Un étudiant risque-t-il de perdre ses allocations d’insertion après une session d’examens de janvier ratée? Une pratique des CPAS, qui demandent aux étudiants de leur communiquer leurs notes dès le début de l’année dans le cadre du PIIS, suscite en tout cas des craintes dans le secteur de l’enseignement. Pour soutenir les étudiants face à cette pression latente, le collectif «École en colère» a lancé un débat public et interpellé les centres publics d’action sociale.

Un étudiant risque-t-il de perdre ses allocations d’insertion après une session d’examens de janvier ratée? Une pratique des CPAS, qui demandent aux étudiants de leur communiquer leurs notes dès le début de l’année dans le cadre du Projet individualisé d’intégration sociale (PIIS), suscite en tout cas des craintes dans le secteur de l’enseignement. Pour soutenir les étudiants face à cette pression latente, le collectif «École en colère» a lancé un débat public et interpellé les centres publics d’action sociale.

Tu es jeune, étudiant et désargenté? Le CPAS peut te proposer un revenu d’intégration.

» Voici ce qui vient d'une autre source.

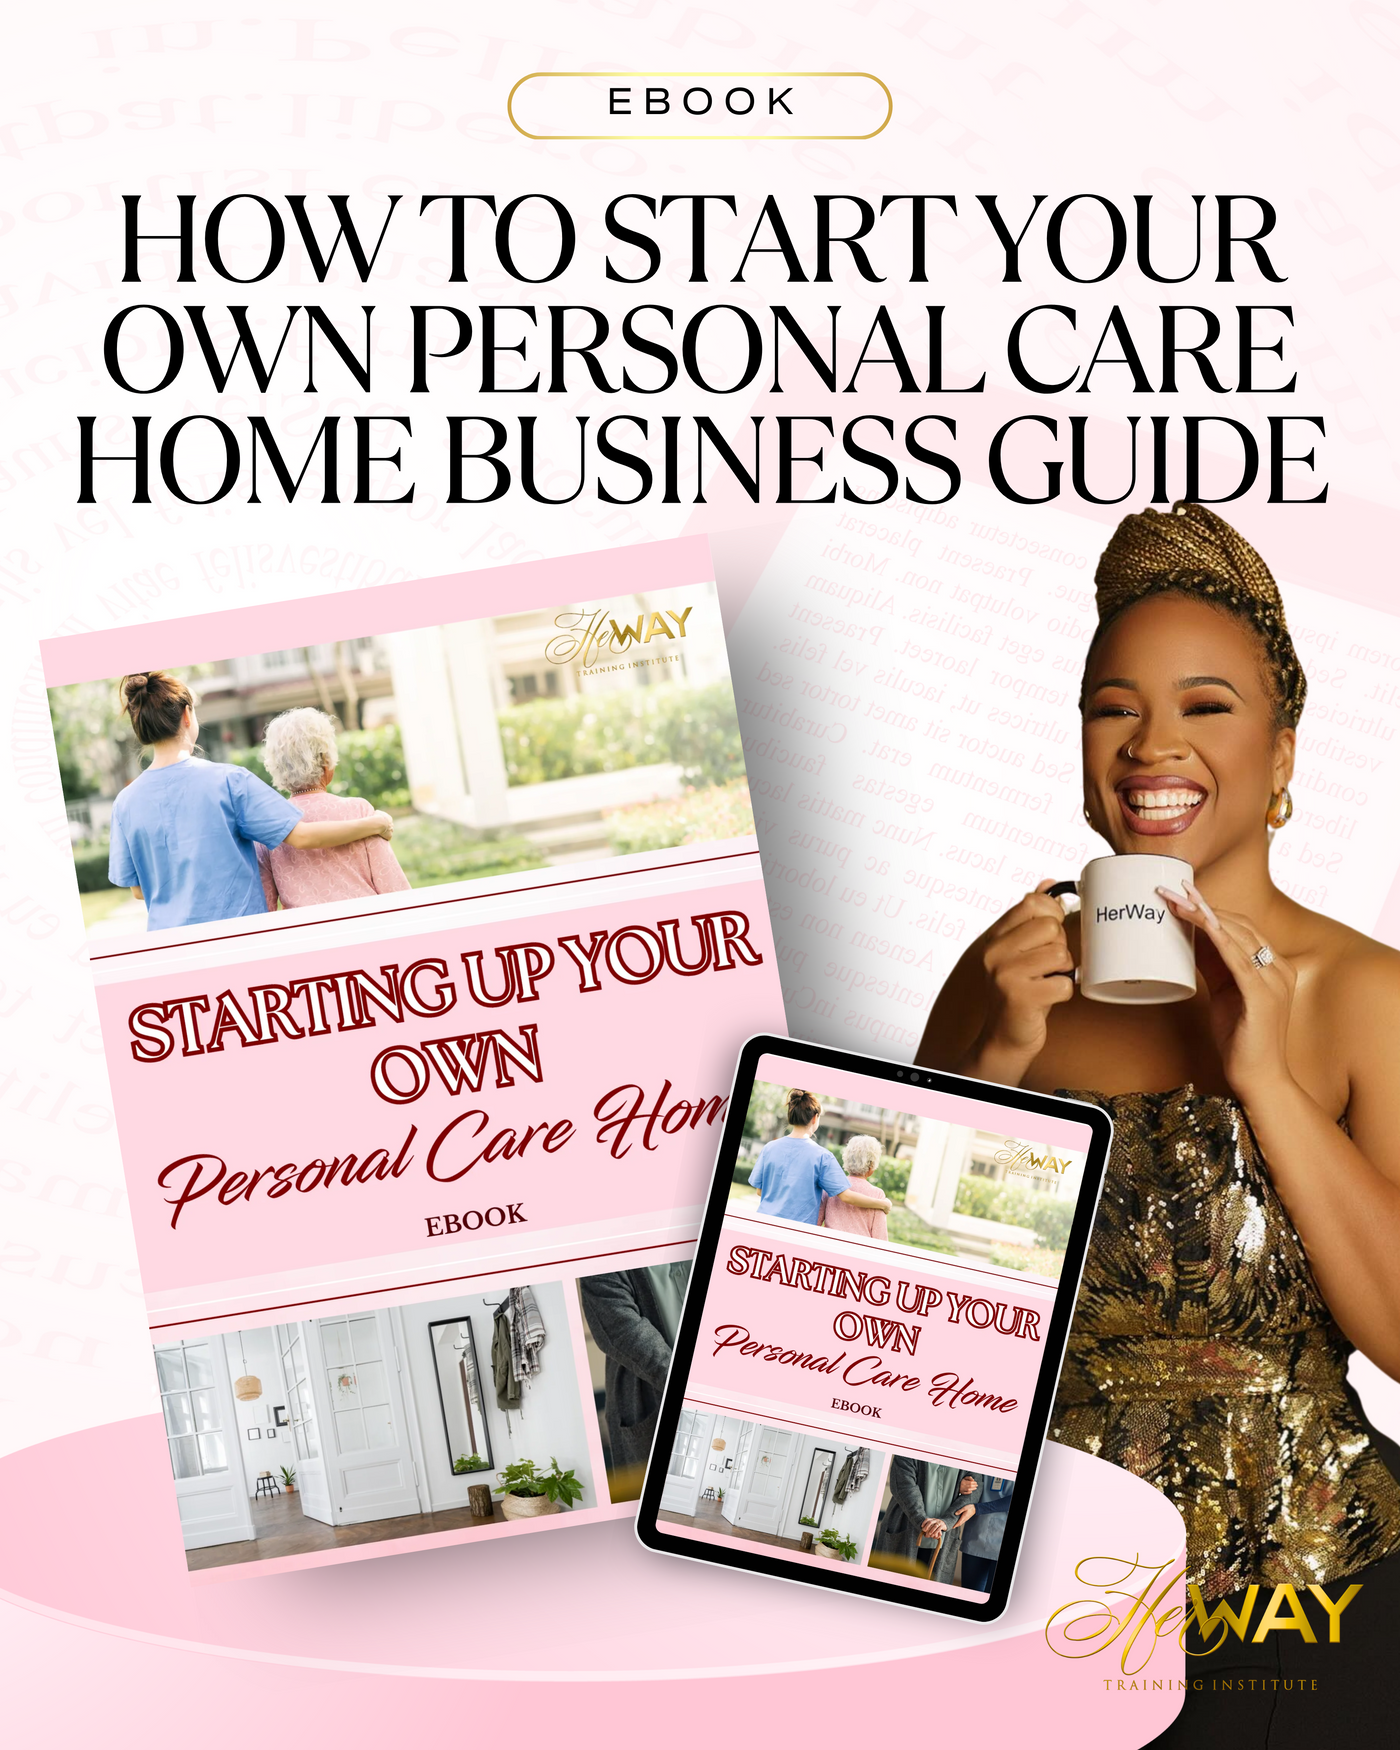 How To Start Your Own Personal Care Home Business Guide - eBook

Il sera accompagné d’un «PIIS portant sur des études de plein exercice». Tu devras alors respecter les termes d’un contrat, dont l’obligation de «communiquer ses résultats d’examens dans les sept jours ouvrables». Mal géré, ce «suivi» des résultats scolaires par les CPAS peut être problématique.

Deux professeurs de l’IESSID, une haute école bruxelloise de formation pour assistants sociaux, membres du groupe d’action «École en colère», ont sorti leurs plumes pour soutenir les étudiants face aux pressions des CPAS. Dans un document envoyé, en décembre 2015, aux présidents et assistants sociaux des centres publics de Bruxelles, signé par les directeurs des cinq catégories de la haute école, ils demandent «de ne pas mettre, ou d’enlever, toute référence à une attente de résultat précis dans le PIIS des étudiants, y compris concernant leurs évaluations», à savoir leurs résultats aux examens. Plusieurs services, dont le comité de vigilance en travail social et l’Union des étudiants de la Communauté française (UNECOF), ont, à leur tour, apporté leur soutien à la démarche. 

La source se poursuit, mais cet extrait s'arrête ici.